Marine phytoplankton is severely nutrient limited in most ocean settings. The influx of nitrates, iron, and phosphates into the oceans each season causes phytoplankton to bloom. But the source of this phosphate and nitrate is rotting terrestrial vegetation, brought into the oceans through river runoff from the land. As land plants diminish in volume, so too will the volume of nutrients be diminished. The seas will be starved for nutrients, and the volume of plankton will decline catastrophically. This decline will never be reversed, for even if land plants rebound at low levels, as outlined above, they will never again reach the enormous mass of material that is present in a world (such as that of today) where CO
₂
starvation does not exist.

On land and sea the base of the food chains as they are constructed today will disappear.
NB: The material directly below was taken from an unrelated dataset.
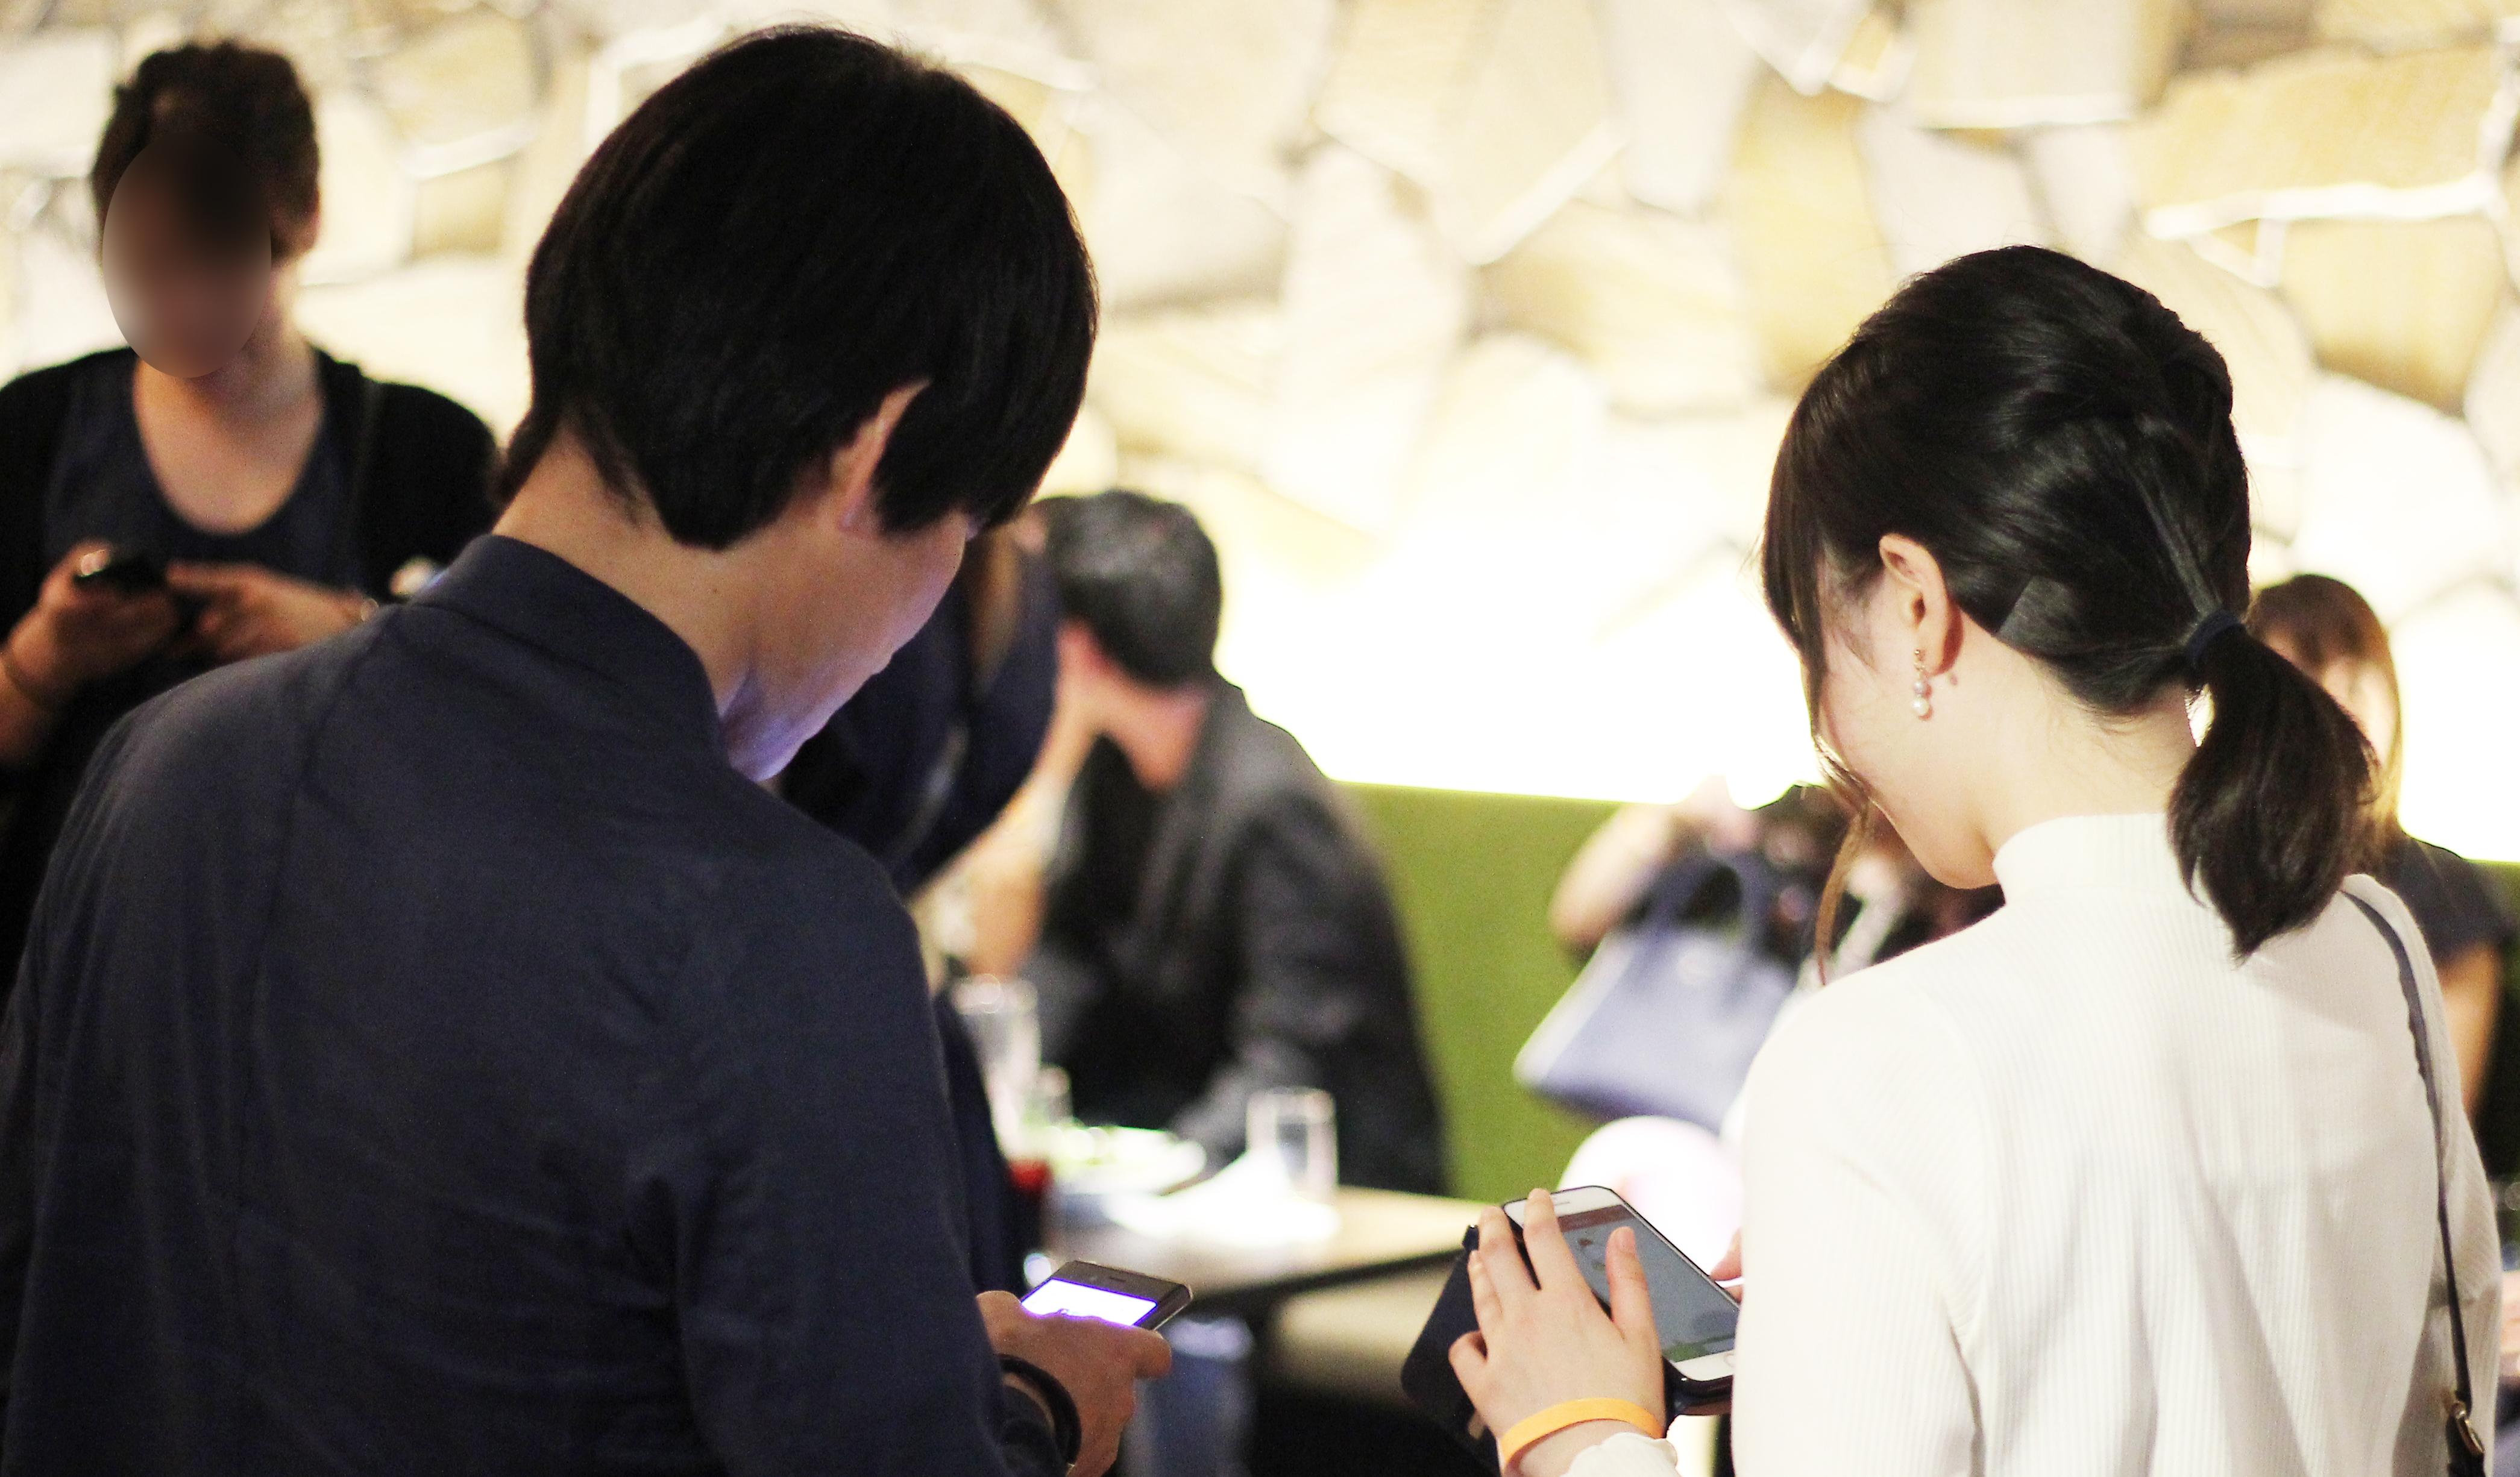 【京都】『HIKARI』にて婚活パーティー★ 1店舗型街コンで恋も気温もヒートアップ↑↑ サブ画像1

The loss of plants will suddenly cause global productivity—a measure of the amount of life on the planet—to plummet. But there will still be life: great masses of bacteria, such as cyanobacteria will continue to live, because these hardy single-celled organisms can live at lower CO
₂
levels that are below those necessary to keep multicellular plants alive, and they also do not require oxygen, something multicellular plants do.